Section 220 gives stockholders the right to inspect the corporation's books and records for a proper purpose — including investigating potential mismanagement, evaluating a transaction, or deciding how to vote. The statute covers board minutes, stockholder lists, and financial statements, and courts have extended it to emails and informal communications when they are necessary and essential to the stated purpose. Recent amendments narrow what must be produced to documents strictly necessary for the stated purpose.

Delaware Section 220 allows stockholders to demand inspection of the corporation's stock ledger, a list of stockholders, and other books and records — provided the demand is made in proper form and for a proper purpose. The "proper purpose" requirement has been interpreted broadly by Delaware courts: investigating potential corporate wrongdoing, evaluating whether a transaction is fair, assessing the quality of management decisions, and investigating potential litigation claims have all been recognized as proper purposes. For preferred investors who are concerned about how a company is being managed or how a proposed M&A transaction has been structured, Section 220 is a powerful tool — it allows them to obtain information that the company may not have provided voluntarily through its contractual information rights obligations. Gurpreet S. Bal notes that the right is most valuable precisely when the relationship between investor and company is under stress.

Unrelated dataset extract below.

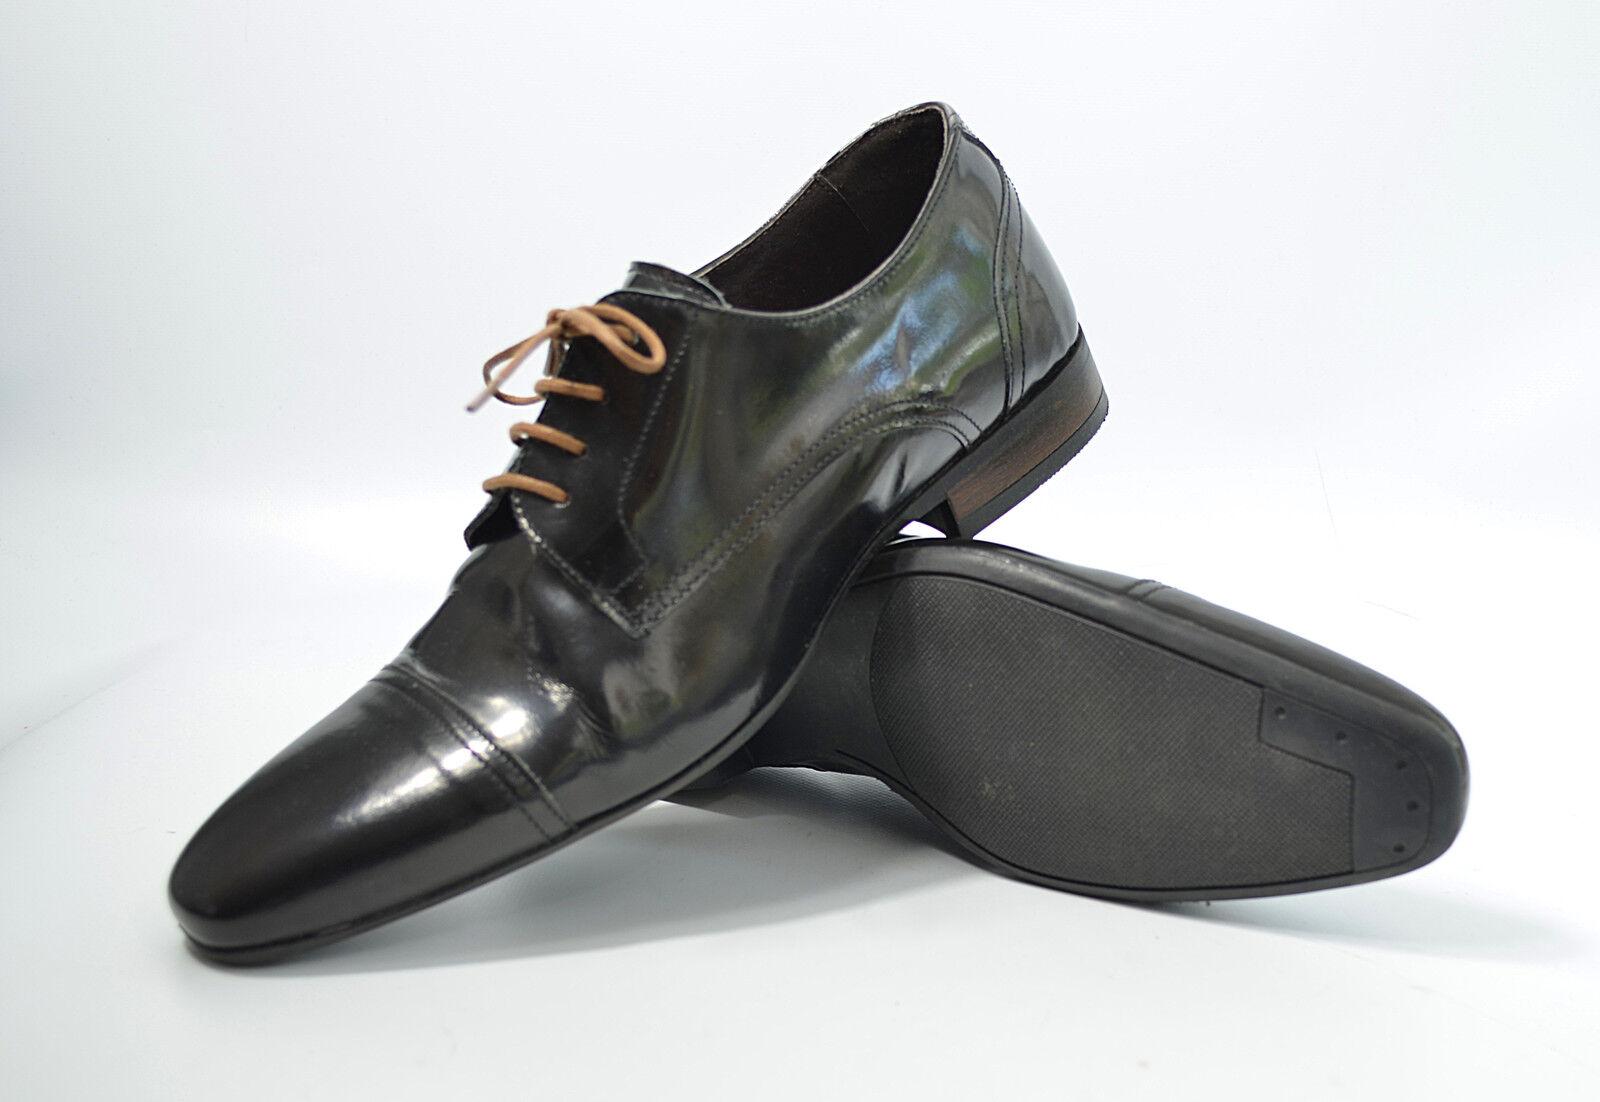 San Marina scarpe Pelle, basse Serapo MIS. 41 Pelle, scarpe UVP  Scarpe da uomo (v1) 05/17 m3 c26938

How do preferred investors end up waiving Section 220 rights?

Preferred investors sometimes waive Section 220 rights through contractual information rights provisions in their investment documents that purport to be the exclusive mechanism for obtaining company information. Courts have occasionally found that broad waivers of statutory inspection rights in stockholder agreements are enforceable, particularly after the 2025 DGCL amendments expanded the scope of permissible charter and agreement provisions limiting stockholder rights.

The waiver typically happens in the context of negotiating the investment documents — the Stock Purchase Agreement and accompanying Investor Rights Agreement. Companies, particularly those with strong negotiating leverage, sometimes include provisions in the investment documents that establish the contractual information rights as the exclusive mechanism for investor access to company information. The language may specify that investors agree to rely on the contractual information package rather than pursuing statutory inspection rights, or may limit the circumstances under which investors can seek inspection beyond what the contract provides. Gurpreet S. Bal notes that these provisions are often included in the standard form investment documents used in competitive financing rounds and are not always flagged explicitly by counsel on either side as a Section 220 waiver. Investors who accept them without fully understanding the implications discover the limitation only when they want to use the statutory right.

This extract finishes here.